** WORK INSTRUCTION **
Word for word, set down the lines from the one that holds "Chain Strap Extender" through the final line of the listing below, and exclude every picture.

** RECORDED DATA **
[Start of section]

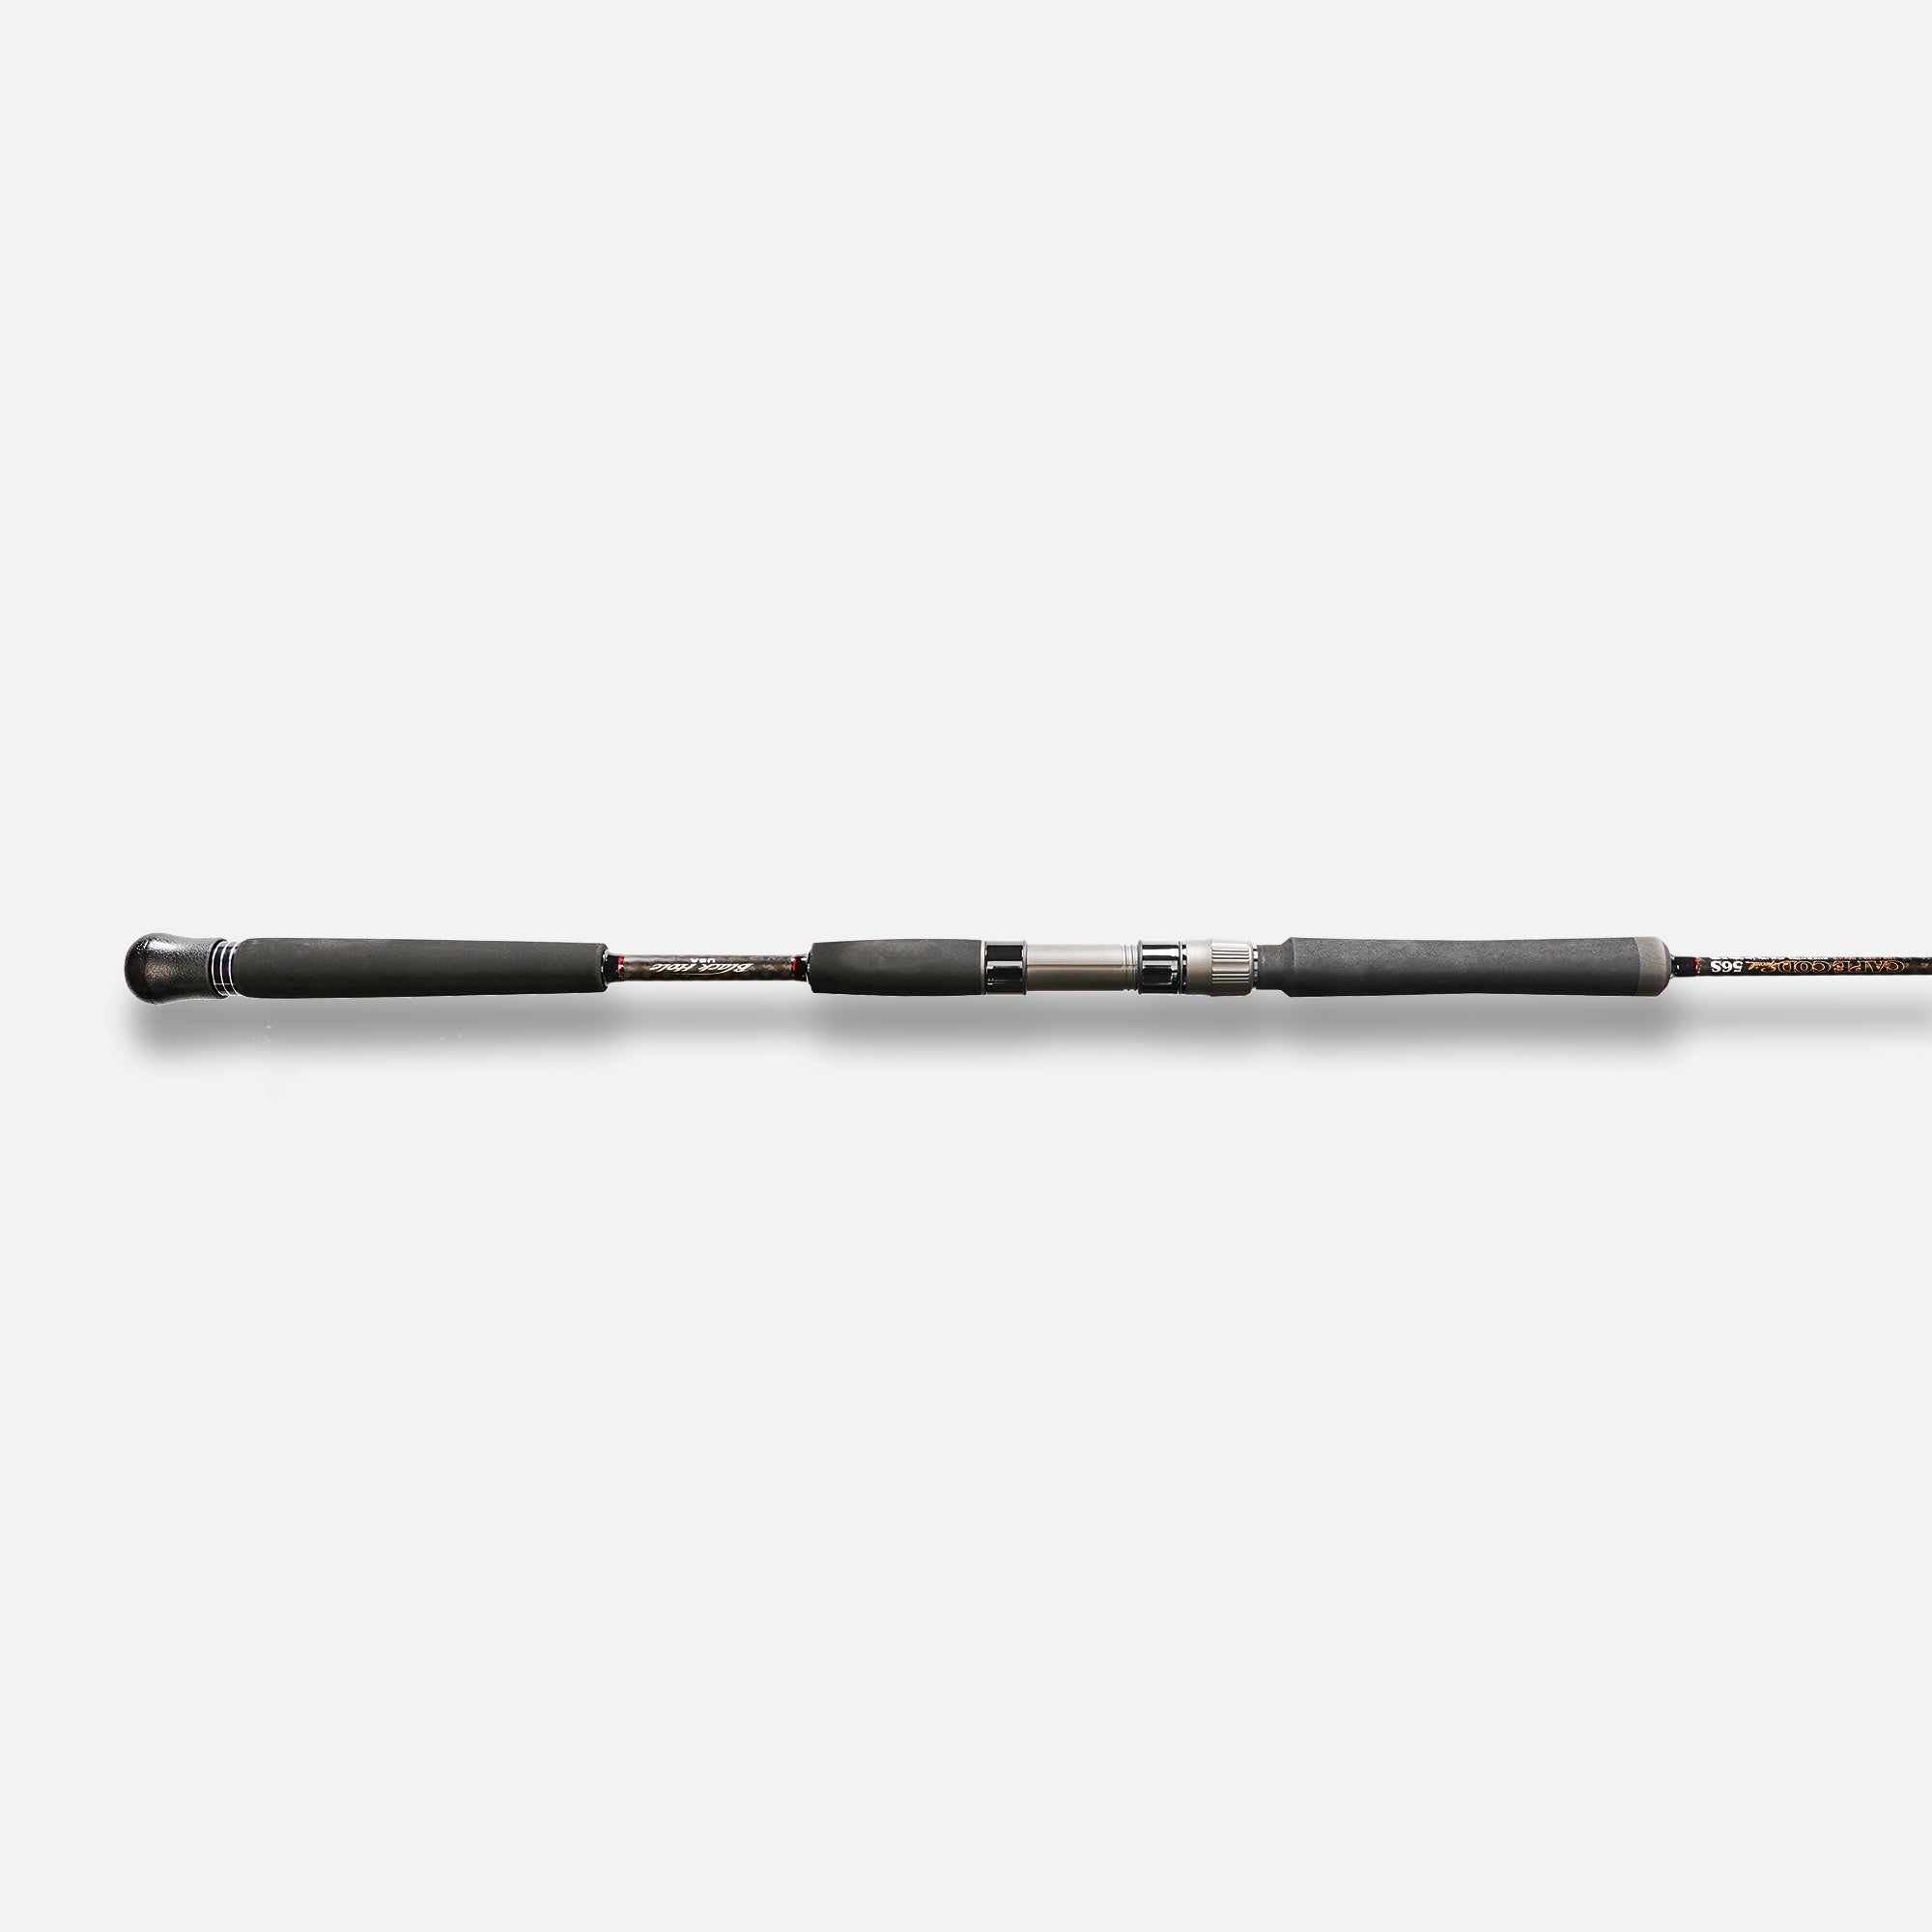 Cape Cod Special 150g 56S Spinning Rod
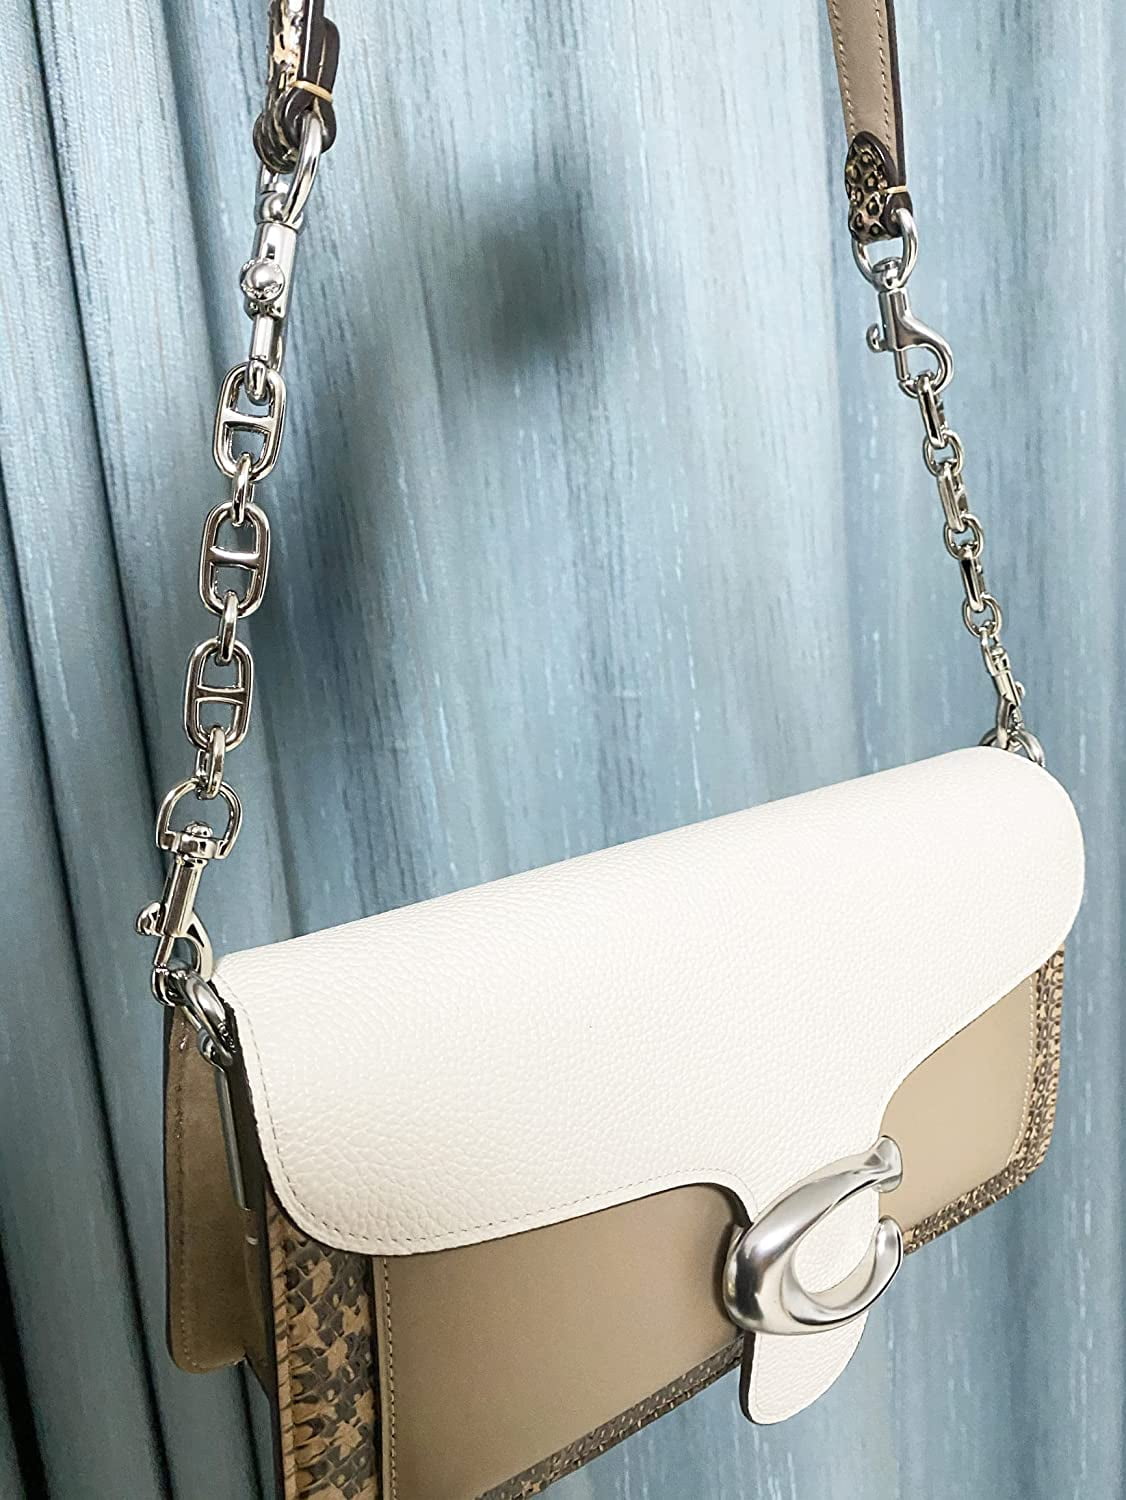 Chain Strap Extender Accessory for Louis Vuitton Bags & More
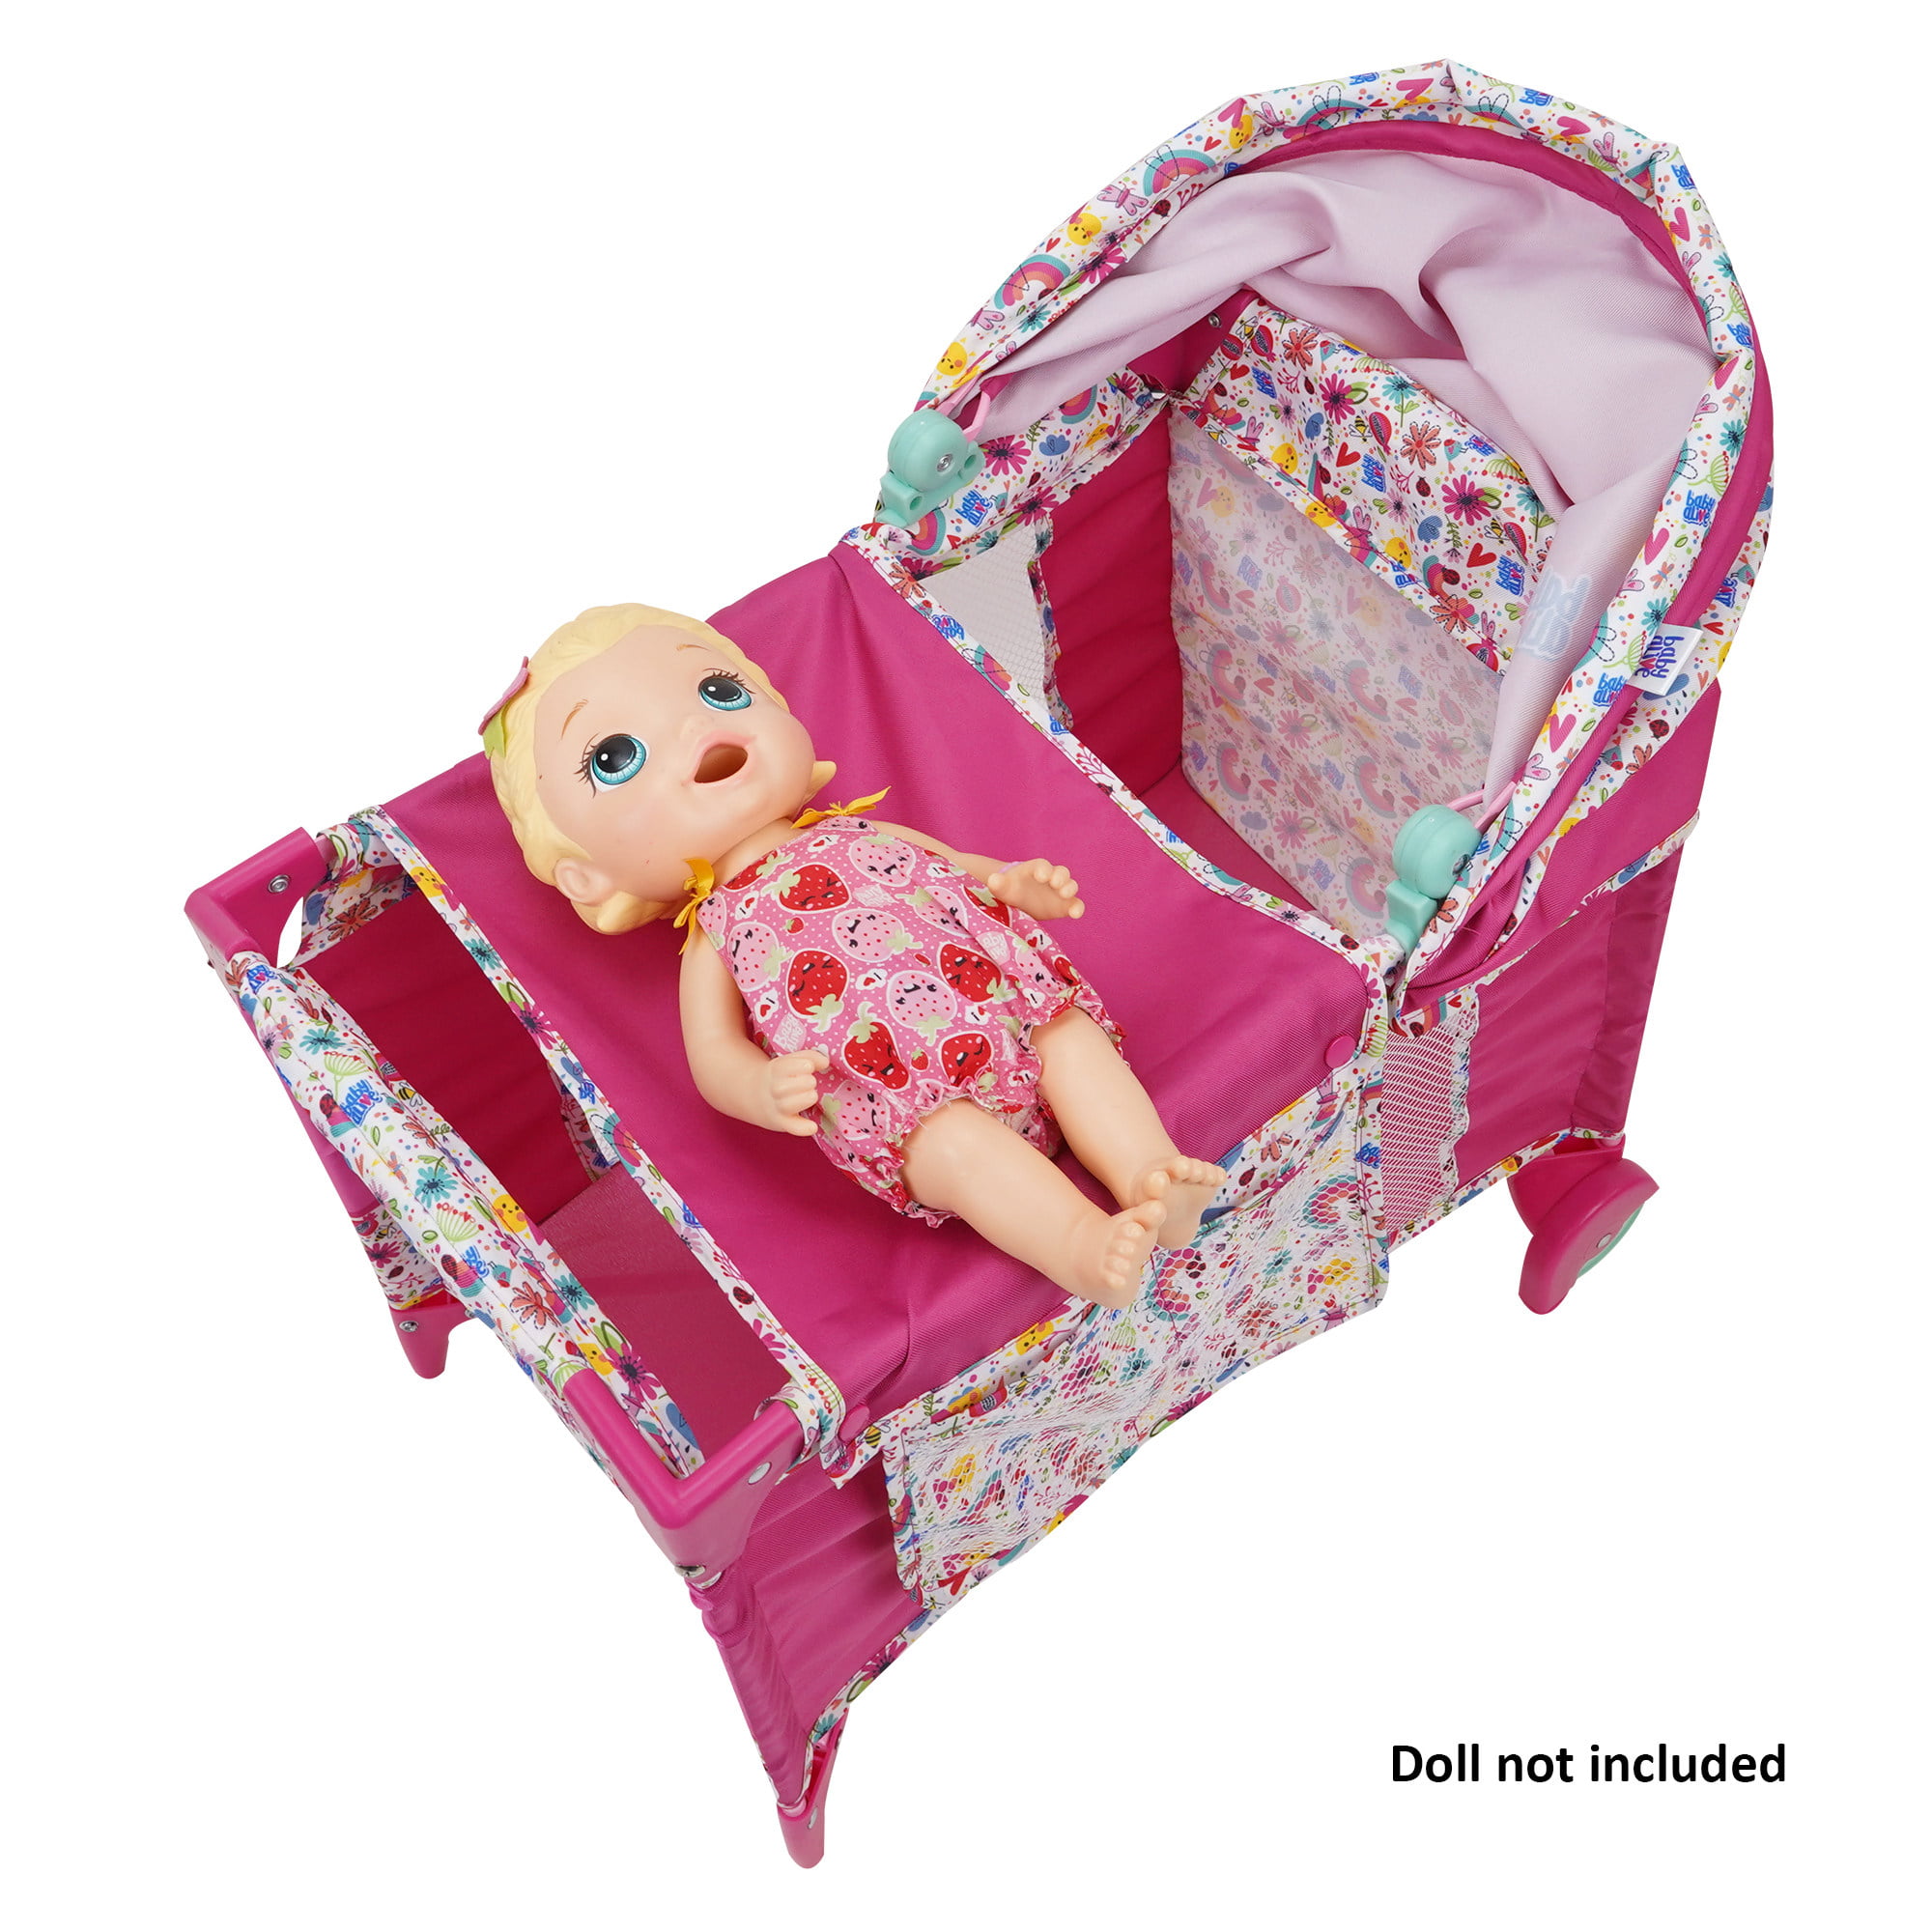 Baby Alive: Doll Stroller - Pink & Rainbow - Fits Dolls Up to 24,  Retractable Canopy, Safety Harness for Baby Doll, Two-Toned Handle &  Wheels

[End of section]

** RESPONSE TO THIS TASK **
 Chain Strap Extender Accessory for Louis Vuitton Bags & More
 Baby Alive: Doll Stroller - Pink & Rainbow - Fits Dolls Up to 24,  Retractable Canopy, Safety Harness for Baby Doll, Two-Toned Handle &  Wheels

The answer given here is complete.